One of the first things to understand about ZeroMQ is that it's not a message broker like you might assume from its name. ZeroMQ is a library that supports certain network communication patterns using sockets. The "MQ" part comes in because ZeroMQ uses queues internally to buffer messages so that you don't block your application when sending data. When you say socket.send(...), ZeroMQ actually enqueues a message to be sent later by a dedicated communication thread. (This communication thread and its state are encapsulated in the ZeroMQ Context object used below; most programs will have a single Context.)

ZeroMQ binding/connecting versus "normal" sockets

The next thing to understand is that ZeroMQ separates the notion of clients and servers from the underlying communication pattern.
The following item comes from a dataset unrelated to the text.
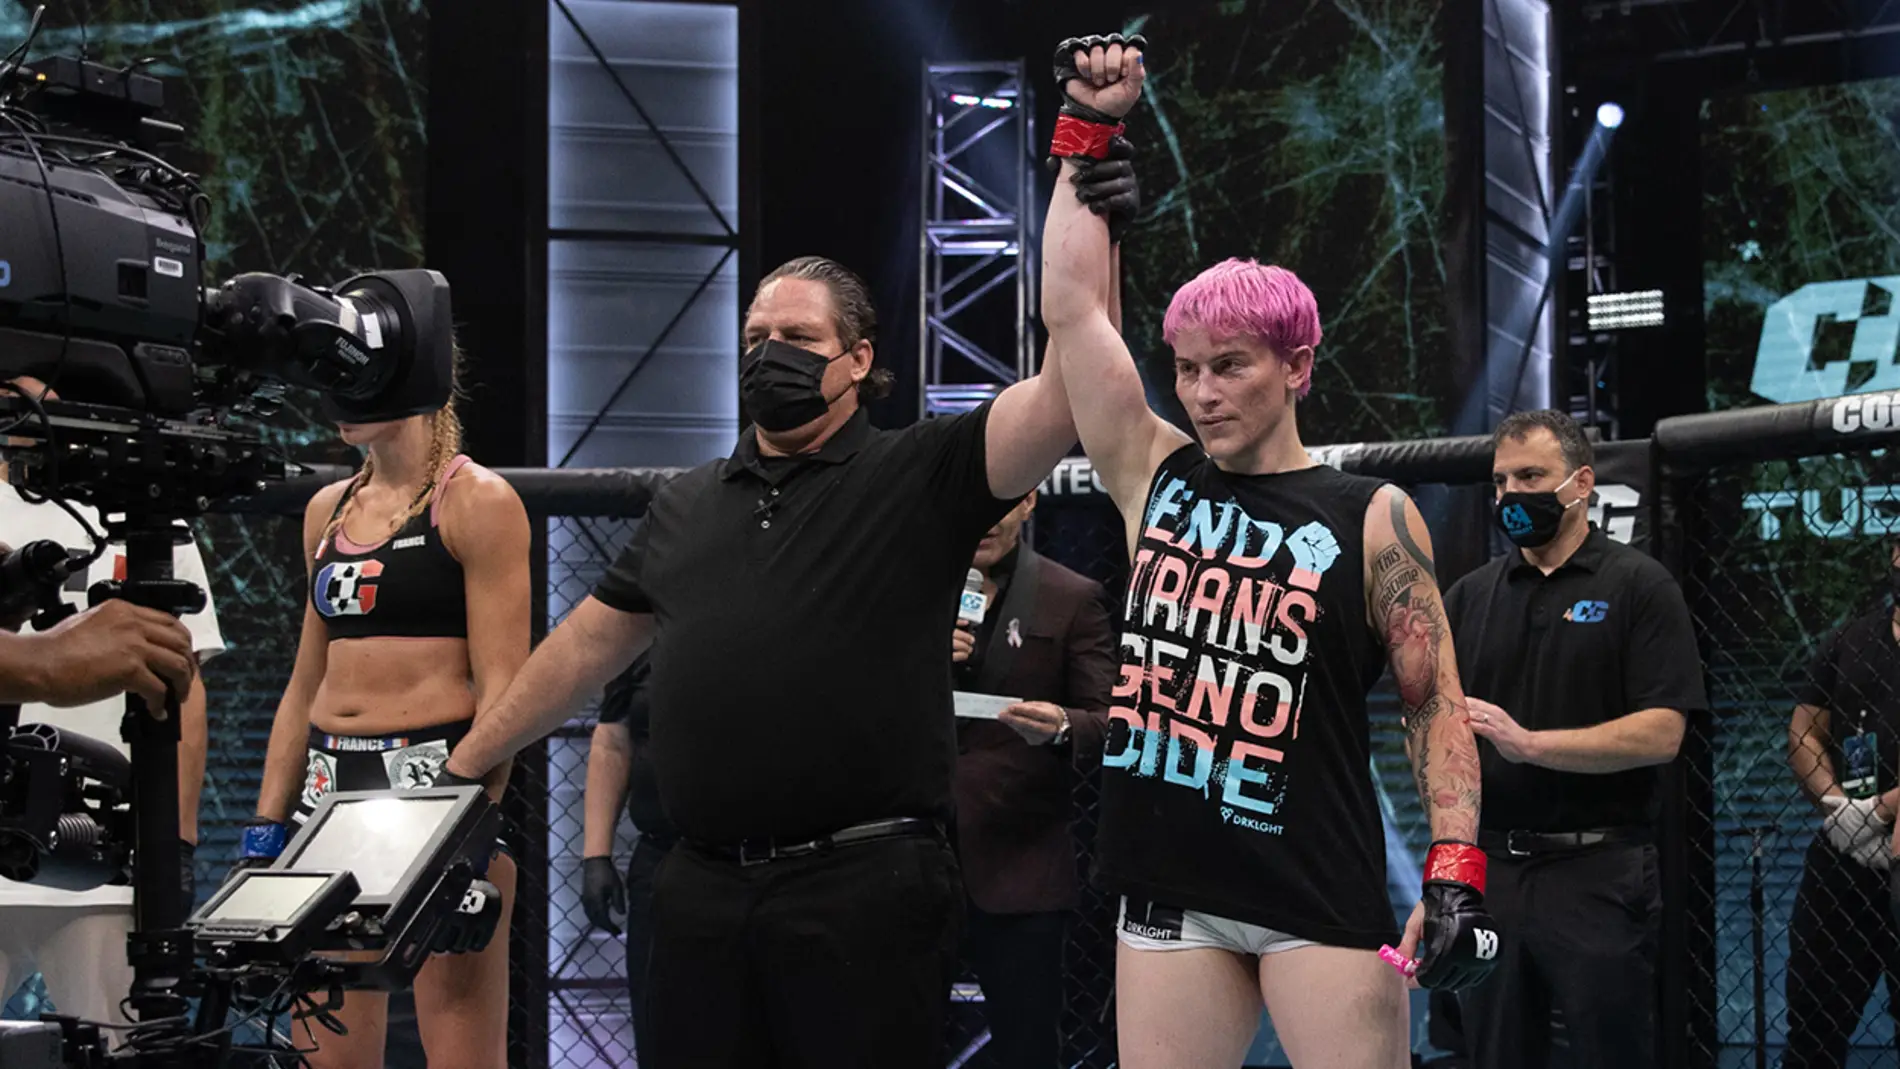 La luchadora trans Alana McLaughlin recibe multitud de críticas tras su victoria en su debut en MMA

For instance, you may be used to creating a socket for receiving requests with a pattern similar to the following:

from socket import socket

sock = socket()
sock.bind(('', 8080))
sock.listen(256)
while True:
    cli = sock.accept()
    # The following code would probably be handled in a 'worker' thread or
    # greenlet. It's included here only for example purposes.
    message = cli.recv(...)
    response = handle_message(message)
    cli.send(response)

The client would then connect() to the server and send a request:

from socket import socket

sock = socket()
sock.connect(('localhost', 8080))
sock.send(message)
response = sock.recv(...)

In ZeroMQ, either end of the request/response pattern can bind, and either end can connect. For instance, using the pyzmq library, you can have your "server" (the one who handles requests) connect to the "client" (the one who sends requests). The "server" code then looks like this:

import zmq
context = zmq.Context.instance()

sock = context.socket(zmq.REP)
sock.connect('tcp://localhost:8080')

while True:
    message = sock.recv()
    response = handle_message(message)
    sock.send(response)

The "client" code would look like this:

import zmq
context = zmq.Context.instance()

sock = context.socket(zmq.REQ)
sock.bind('tcp://*:8080')

sock.send(message)
response = sock.recv()

There are a couple of things to note here. First, as noted above, the "server" is doing the connecting, and the "client" is doing the binding. Another thing to note is the address used. Rather than passing a hostname/port, we pass a URI.

ZeroMQ transport types

ZeroMQ supports several different styles of URIs for its transport layer, each of which supports the full gamut of ZeroMQ functionality:

  • tcp://hostname:port sockets let us do "regular" TCP networking
  • inproc://name sockets let us do in-process networking (inter-thread/greenlet) with the same code we'd use for TCP networking
  • ipc:///tmp/filename sockets use UNIX domain sockets for inter-process communication
  • pgm://interface:address:port and epgm://interface:address:port use the OpenPGM library to support multicast over IP (pgm) and over UDP (epgm). Due to the nature of multicast, the pgm and epgm transports can only be used with PUB/SUB socket types (more on this below).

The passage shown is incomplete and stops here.